If, and it's a big if, one of the prep stars makes it to the majors by 2017, Sale would be 28 with two more club option years on his contract. Jose Quintana would also be 28 and could be under contract with the Sox through 2020.
It's going to be a tough decision, but the White Sox clearly need to beef up their starting pitching.
As it stands now, Tyler Danish is the top talent in the system.
Danish was drafted last June on the second round, and he's a high school product from Plant City, Fla.
"He can pitch," said White Sox assistant general manager Buddy Bell. "We feel he's ahead of being 19 years old because he's athletic and he knows what he's doing."

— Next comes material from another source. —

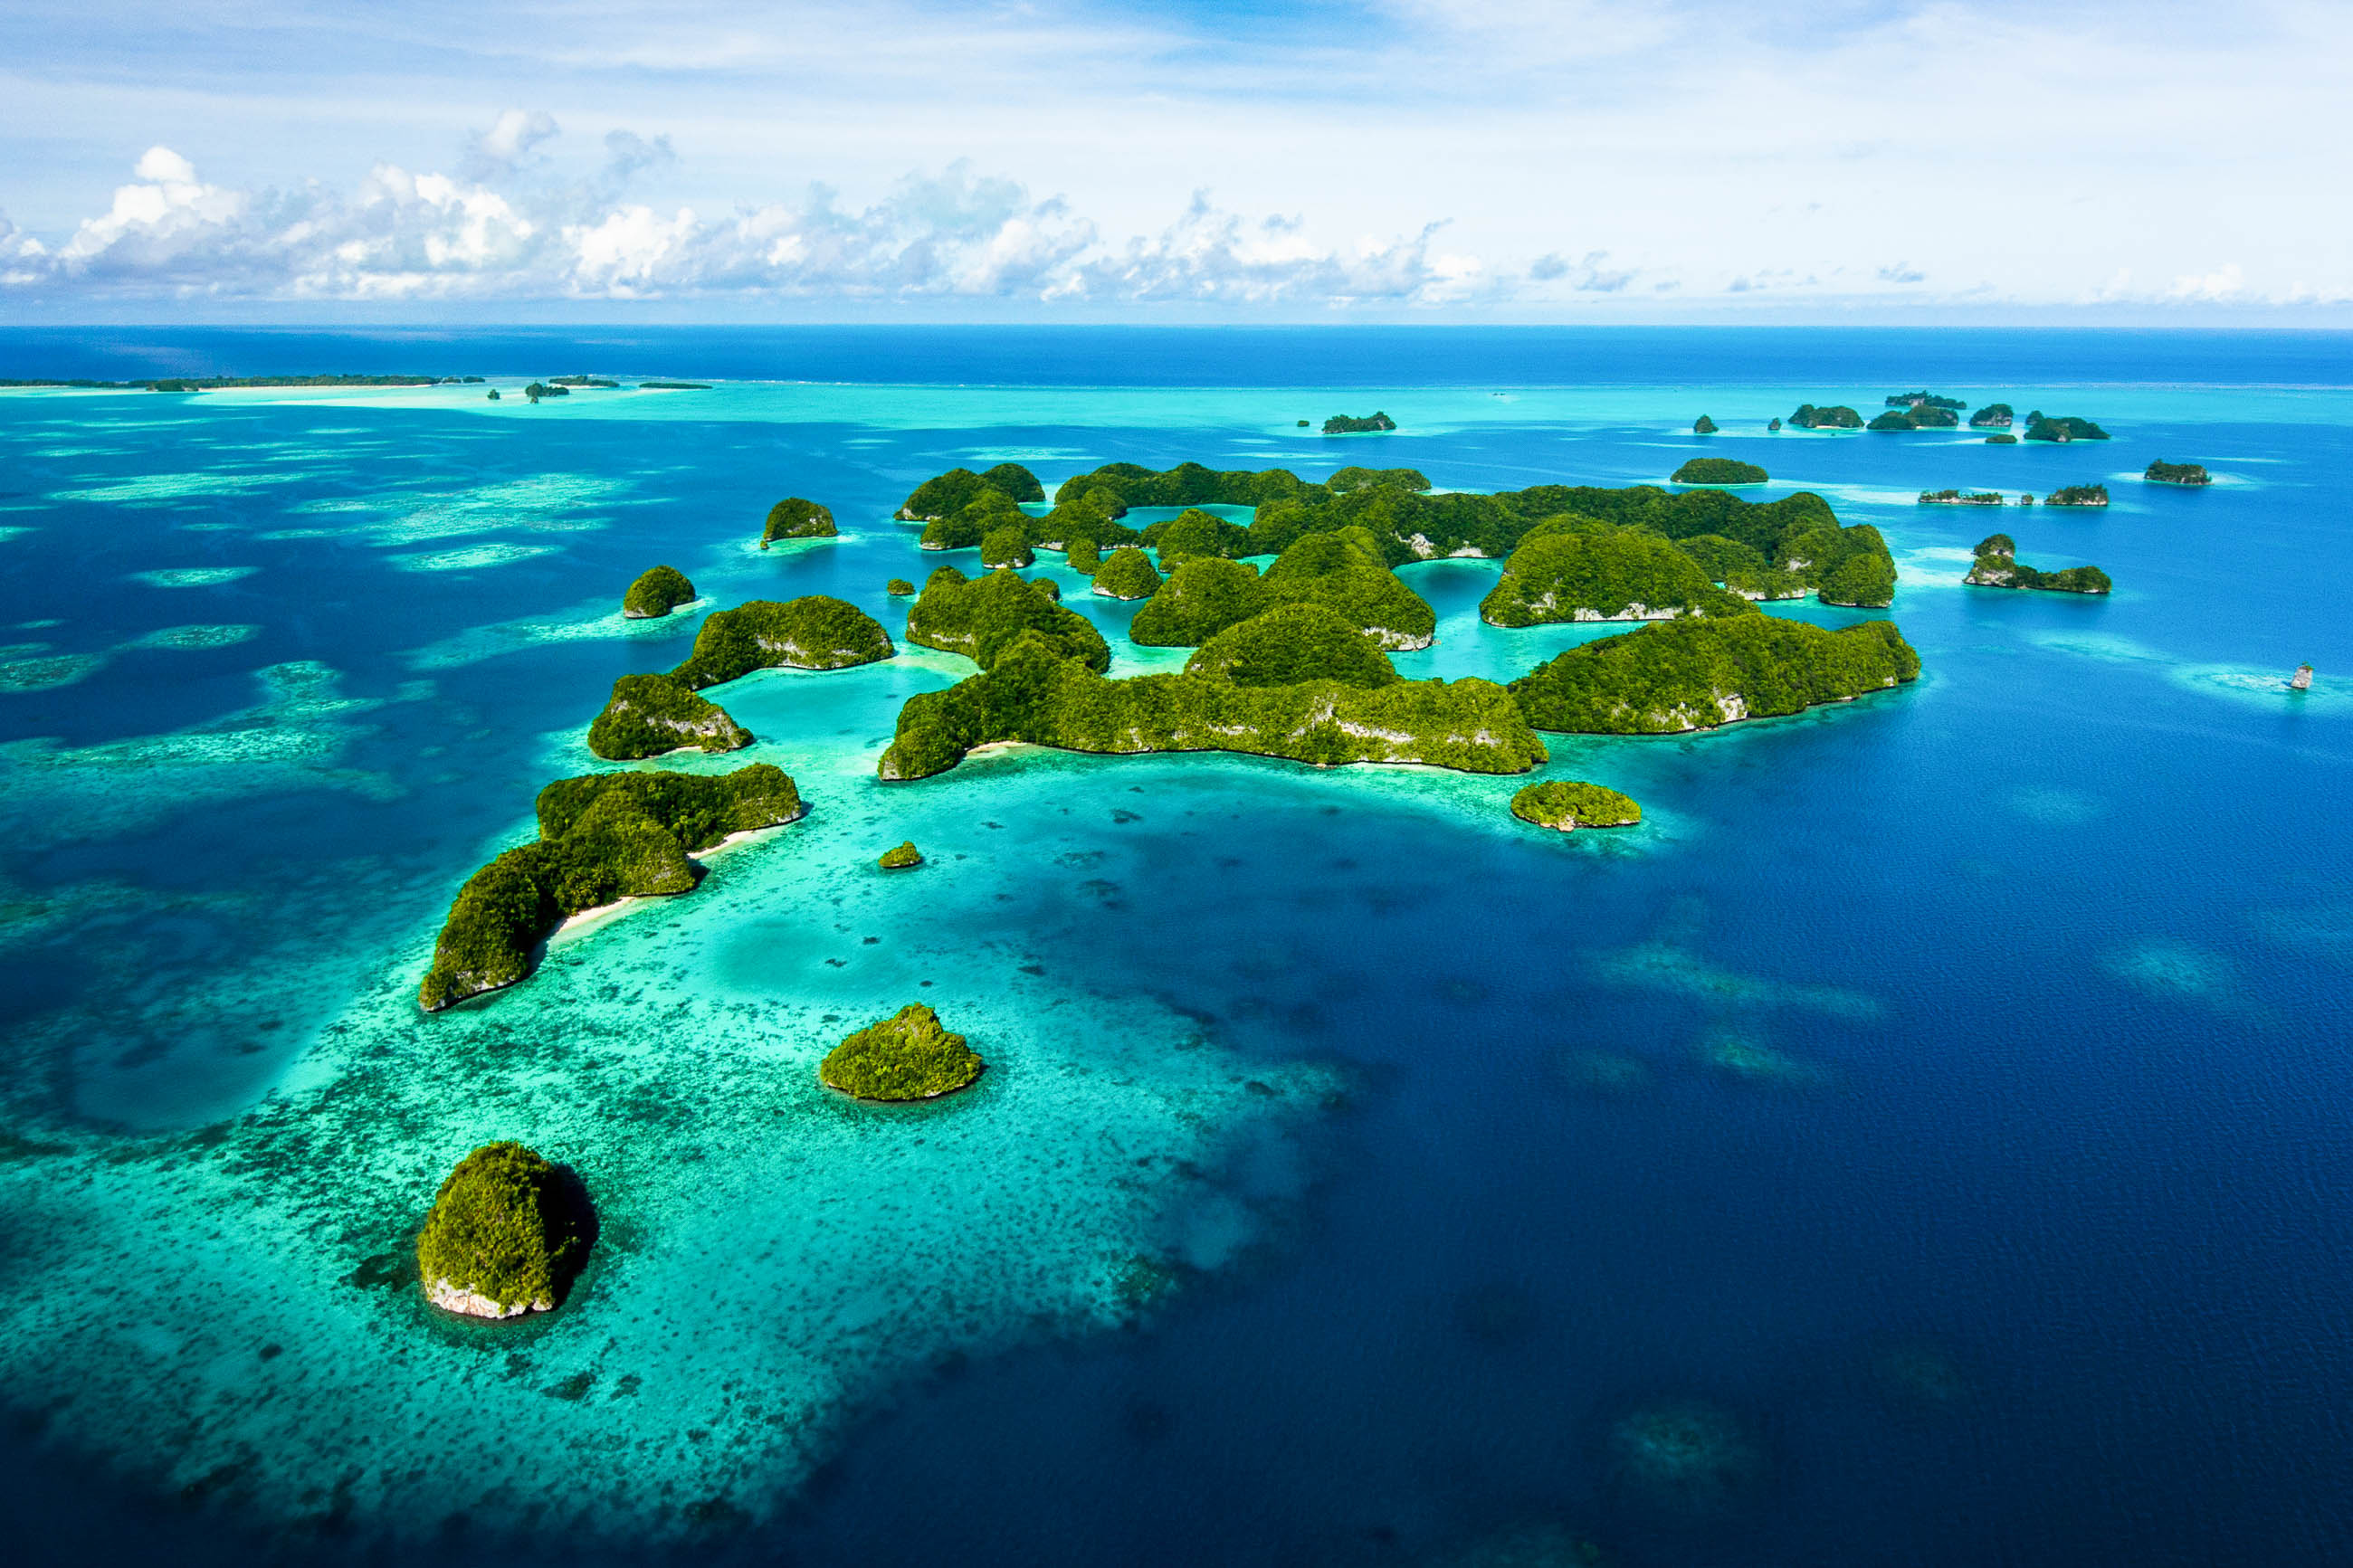 Самое большое скопление островов в мировом океане. Остров Палау Микронезия. Федеративные штаты Микронезии. Каролинские острова Атолл. Атоллы Микронезии.

In his first 7 starts with low Class A Kannapolis, the 6-foot, 205-pound Danish was 3-0 and his 0.71 ERA led the South Atlantic League.
"He's kind of like Jake Peavy, as far as the arm slot," Bell said. "Obviously, he's not Jake Peavy, but he's kind of that type of guy. He's very athletic, a strong kid, he really knows the game."
Danish probably gets to high A Winston-Salem at some point this season, and full seasons at AA Birmingham and AAA Charlotte the next two years could get the right-hander to the White Sox in 2017.
There would be a similar wait if the Sox opt to draft Kolek or Aiken, but given their impressive young resumes, it might be worth it for the White Sox.